Partners Group saw its private debt assets grow at a faster rate relative to other asset classes managed by the firm during the first half of this year.
The firm took in €2 billion in commitments to private debt during the opening six months of 2017. Across all asset classes, the firm received new commitments of €6.9 billion.
That figure accounts for 30 percent of the Swiss-based firm’s overall commitments during that period. In all, the asset class has grown by 38 percent during the first half of 2017, compared to overall asset growth of 14 percent. The firm received €6.9 billion in new commitments during the period, across private equity, private credit, infrastructure and real estate strategies.
“Private debt was the fastest growing of our asset classes,” Christopher Bone, managing director, told PDI. He added in the last 12 months the firm has seen its commitments to private debt strategies grow by €3.8 billion.
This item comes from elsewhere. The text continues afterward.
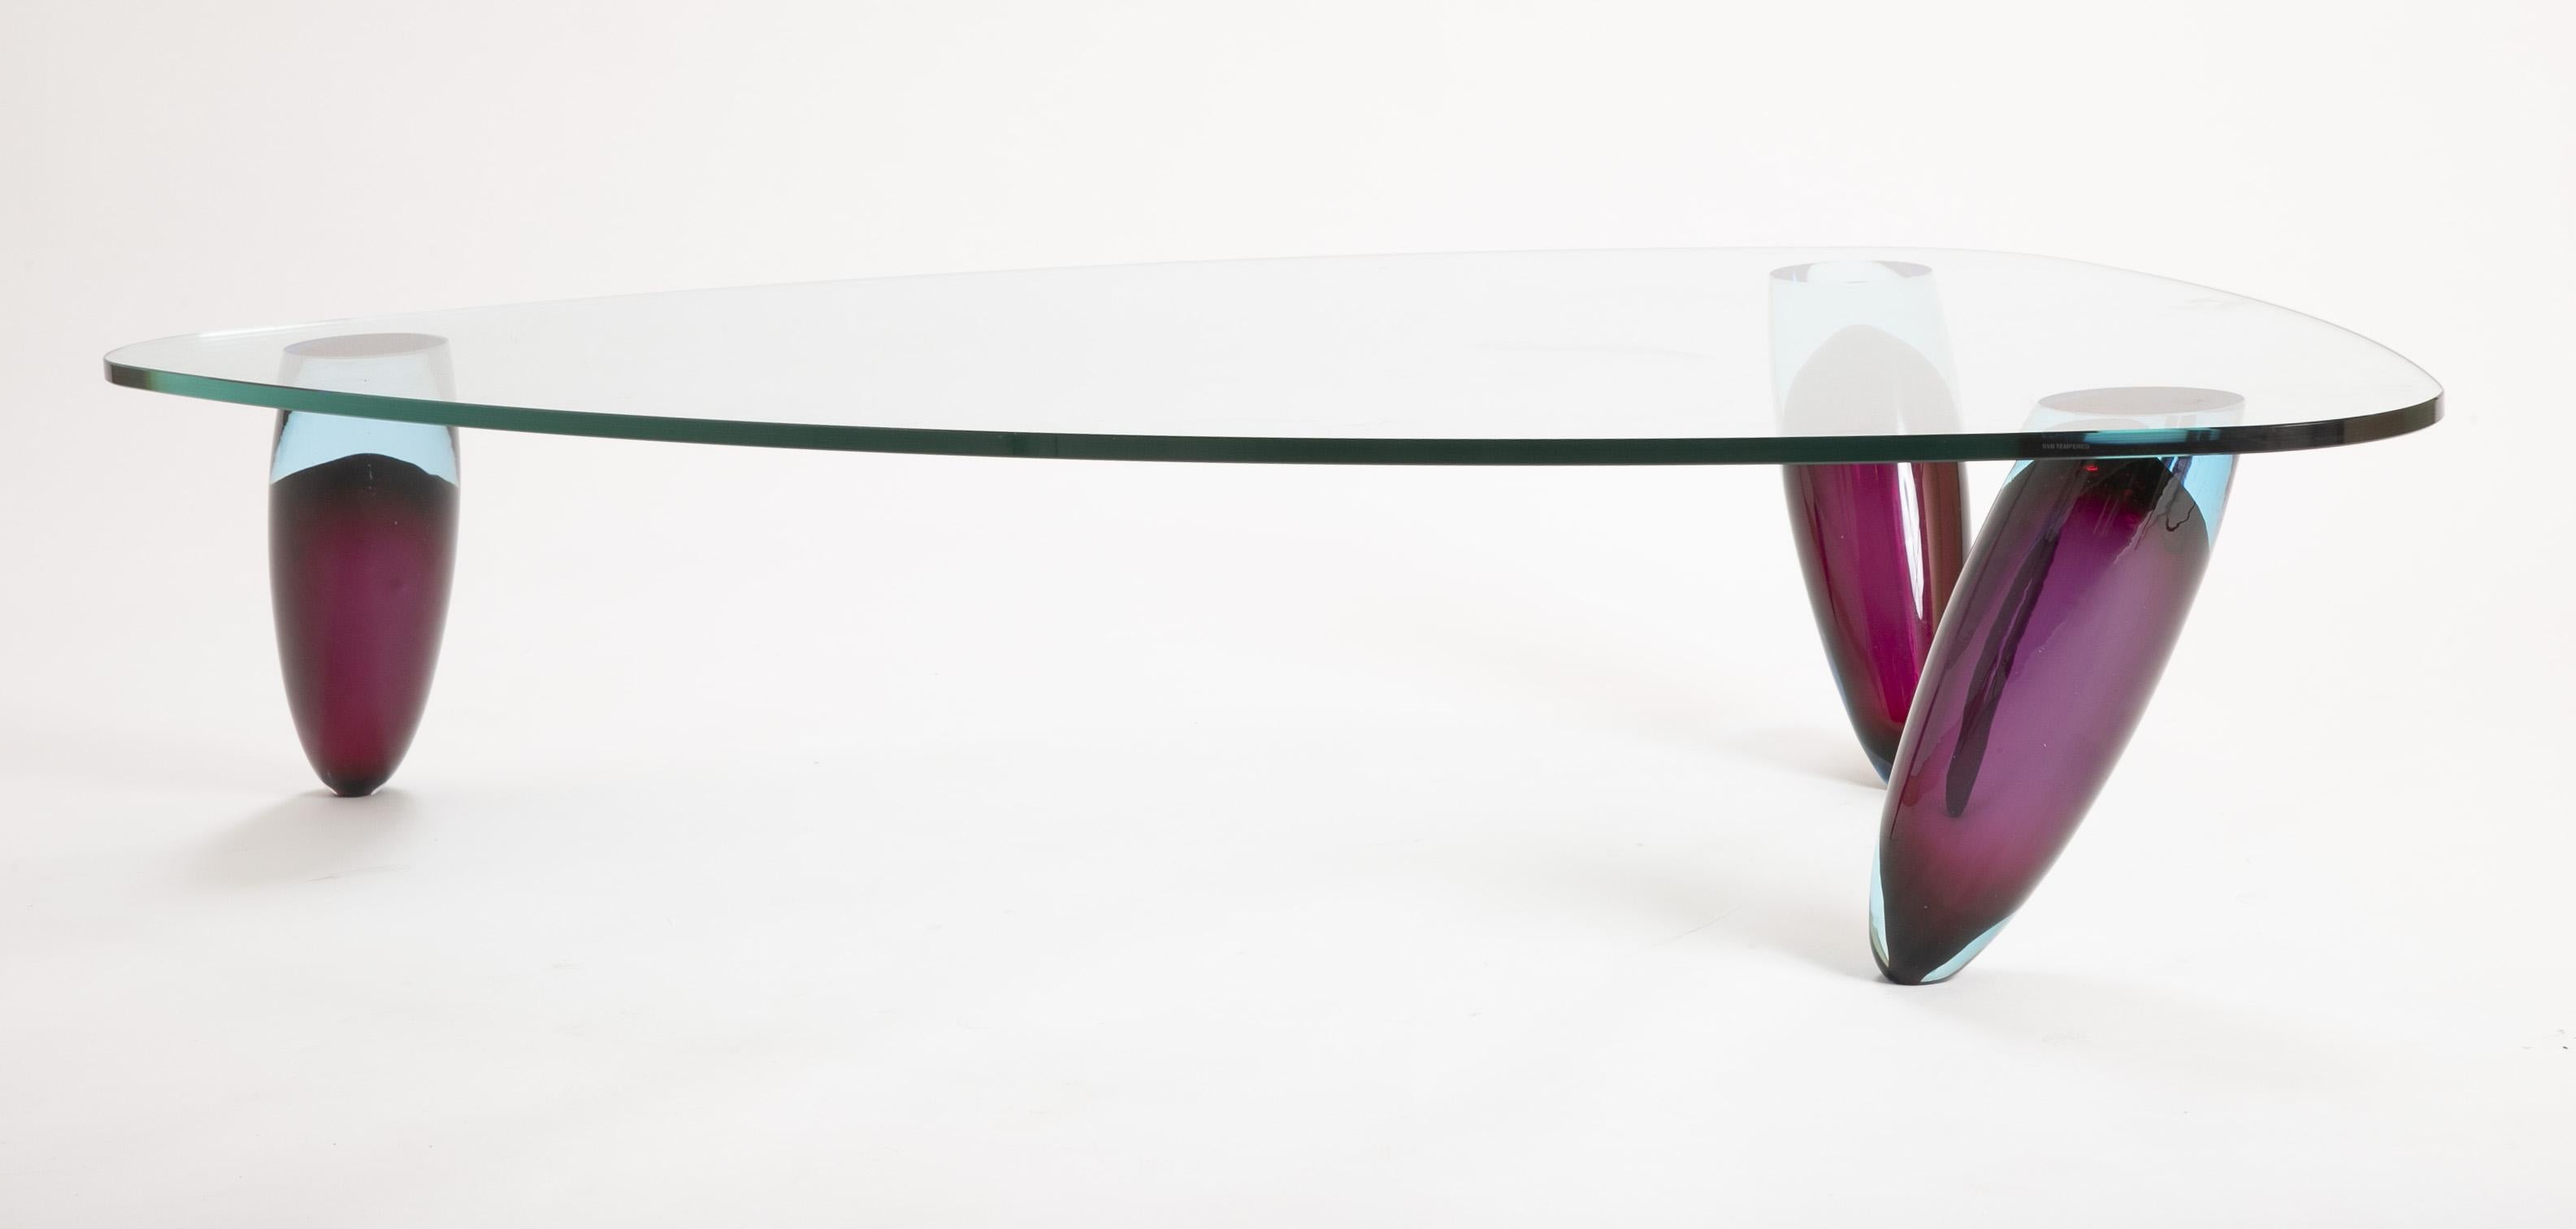 A beautiful Italian Murano glass coffee table with Sommerso glass legs by Maurice Barilone for Roche Bobois.

The popularity of the asset class can be attributed to investors hunting yield, Bone said. “It is just difficult to find good yield in the market,” he noted.
Also helping bolster the popularity of Partners Group’s strategies is a focus on floating-rate investments. “I think there are signs of interest-rate rises in the future,” Bone said.
Private debt also accounted for a substantial amount of the investments made by Partners Group during the first half of the year. The firm made $2.3 billion of private debt investments during the period. Overall, across all asset classes, the firm made $5.6 billion in investments.